What follows is a listing; repeat exactly, and only, its lines from the one holding "粉色 背影 女孩 人物 元素 人物插画 精致人物 手绘元素 装饰 女孩背影" through the last, leaving any pictures out.

> _Available data_
-- Opening Marker --
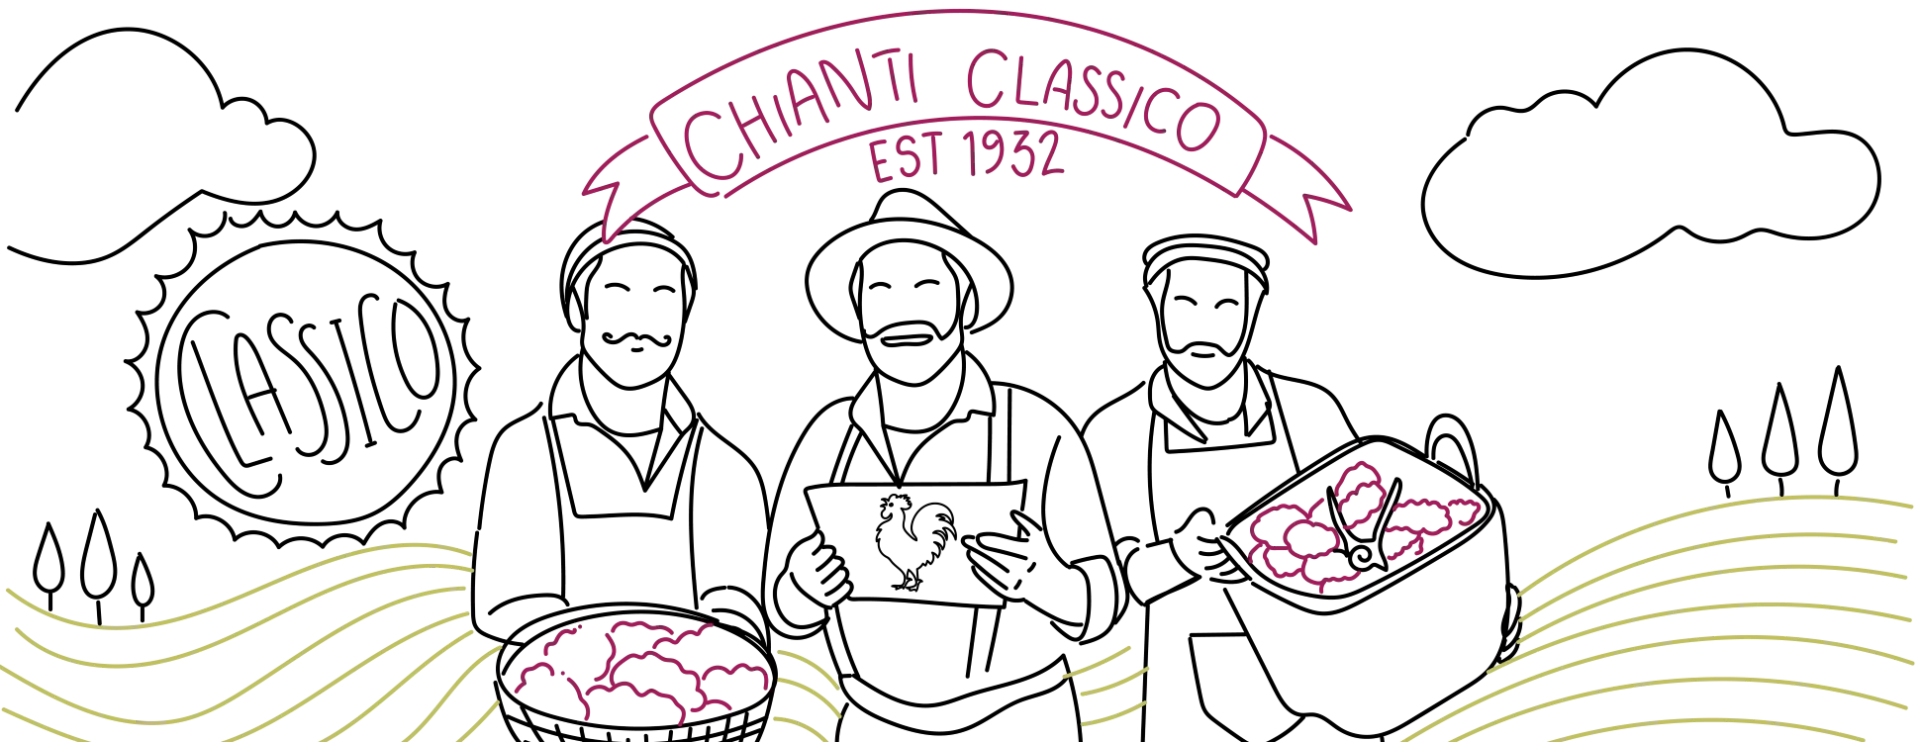 Chianti Classico Gallo Nero - With Love From Italy
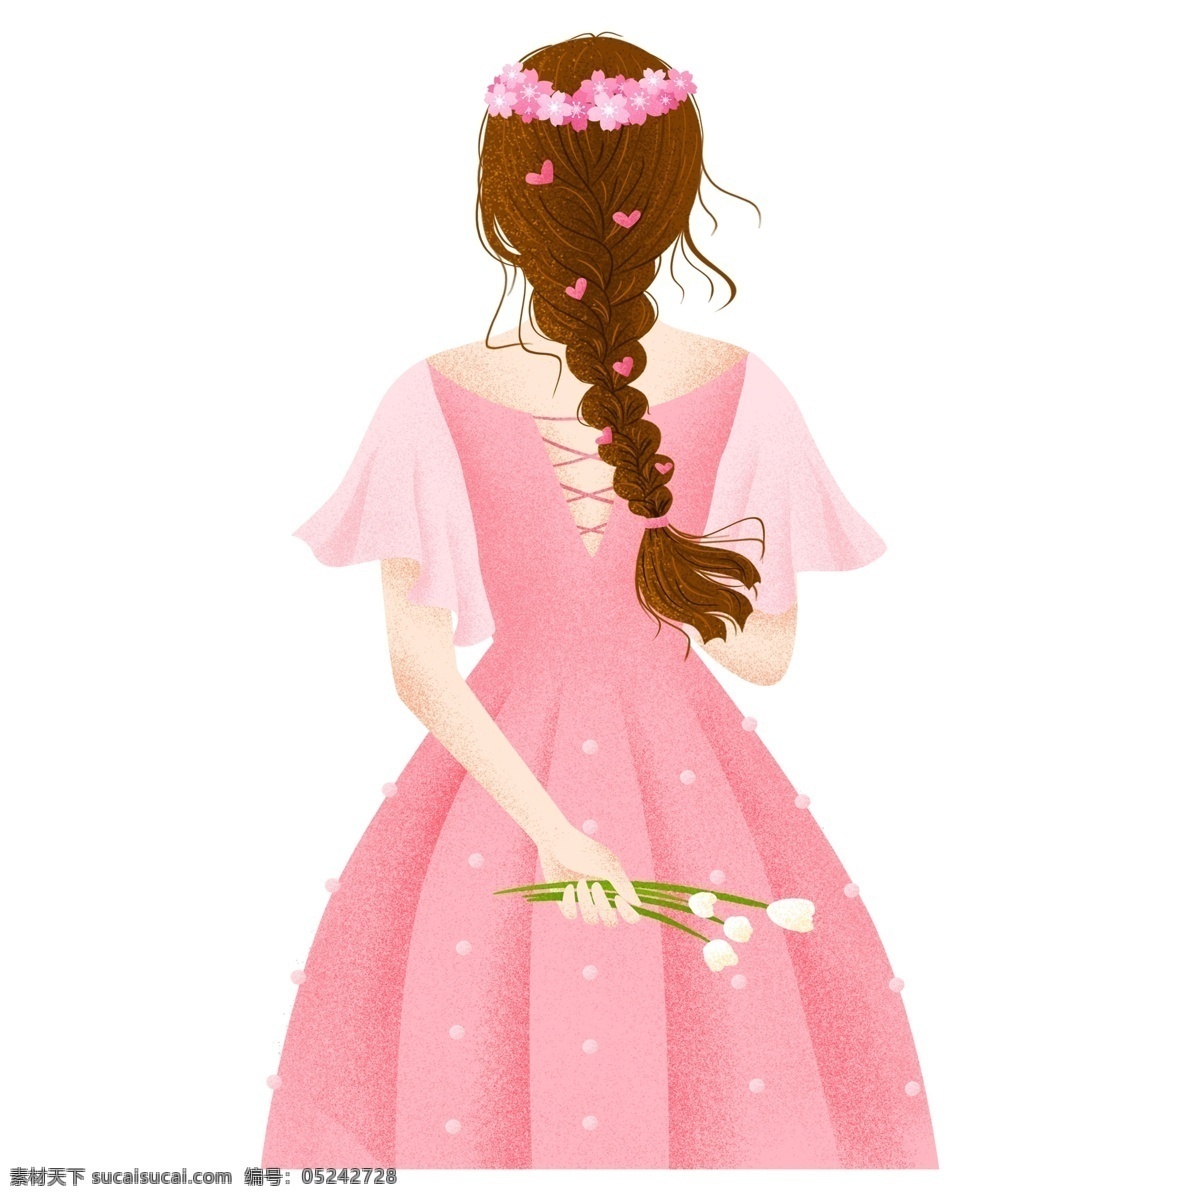 粉色 背影 女孩 人物 元素 人物插画 精致人物 手绘元素 装饰 女孩背影
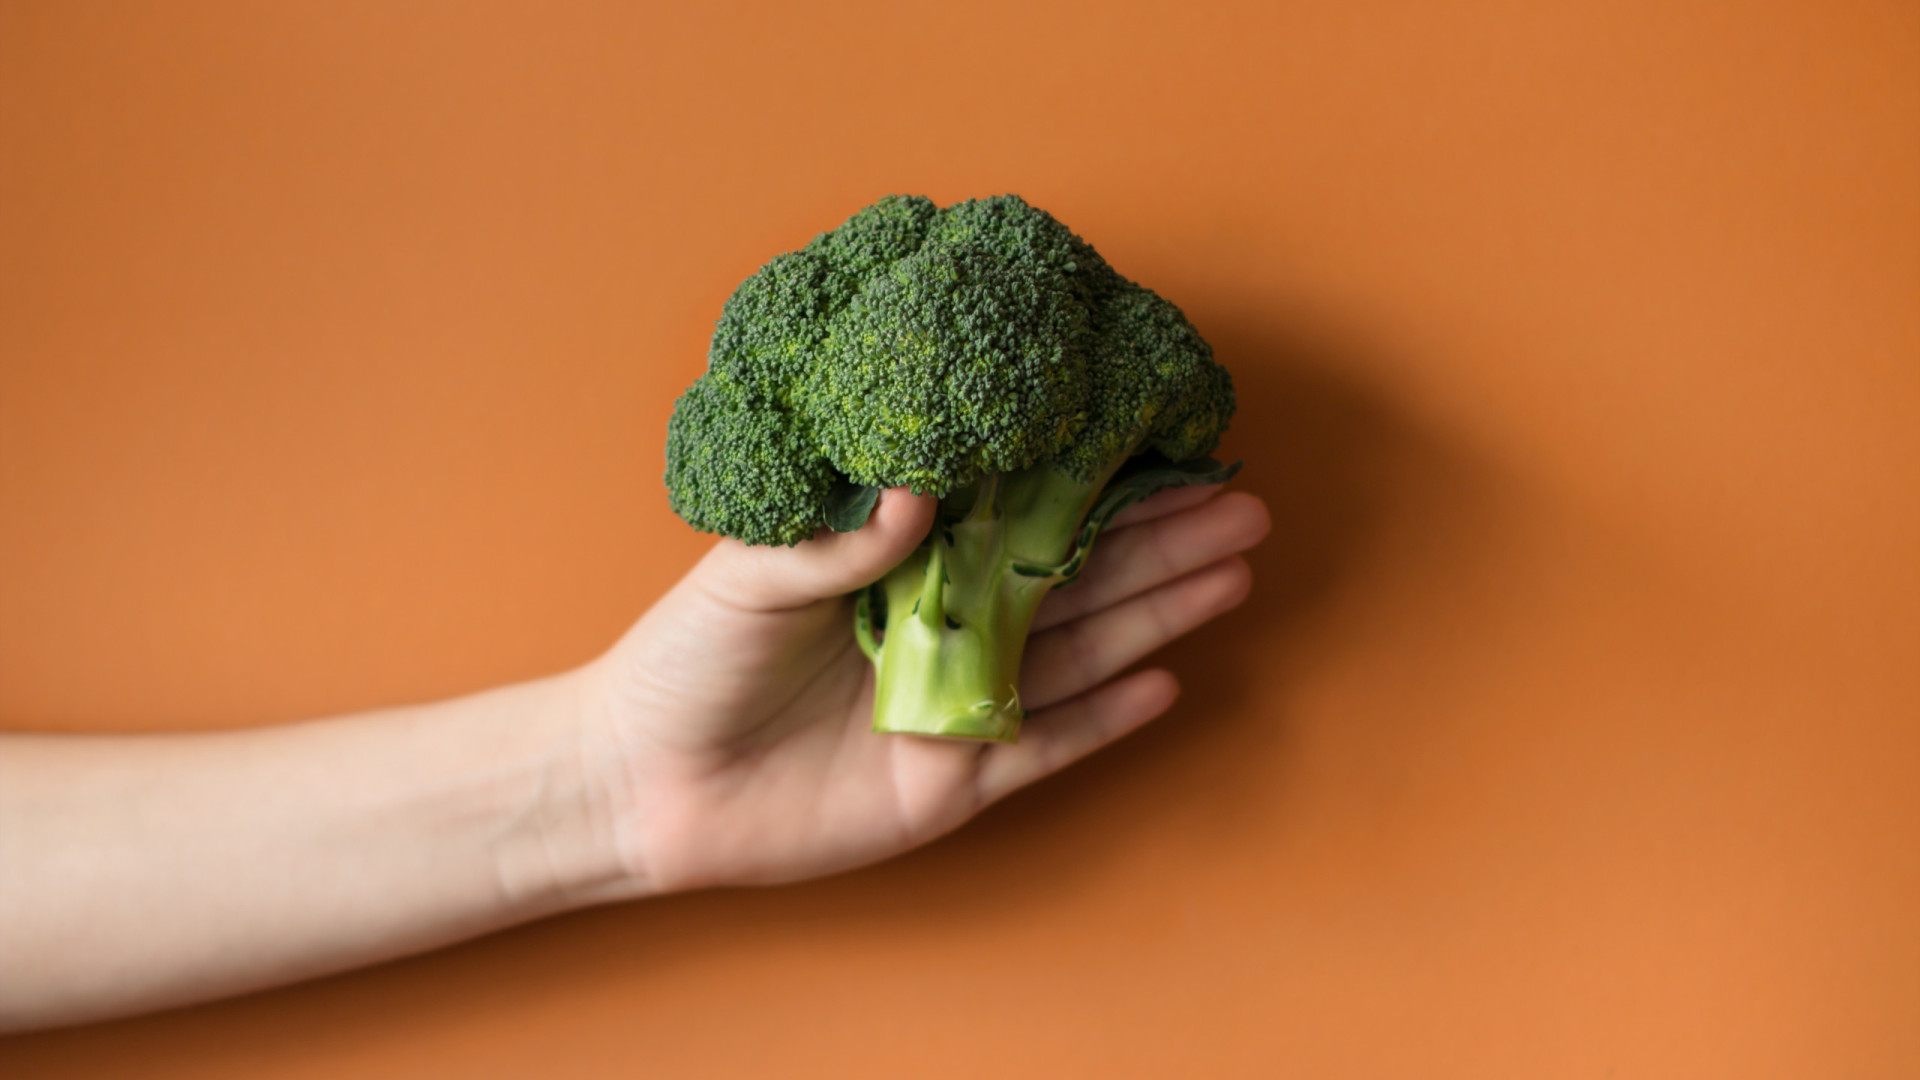 Quer turbinar a saúde do seu intestino? Aposte no brócolis!
-- Closing Marker --
> _Answer to this task_
 粉色 背影 女孩 人物 元素 人物插画 精致人物 手绘元素 装饰 女孩背影
 Quer turbinar a saúde do seu intestino? Aposte no brócolis!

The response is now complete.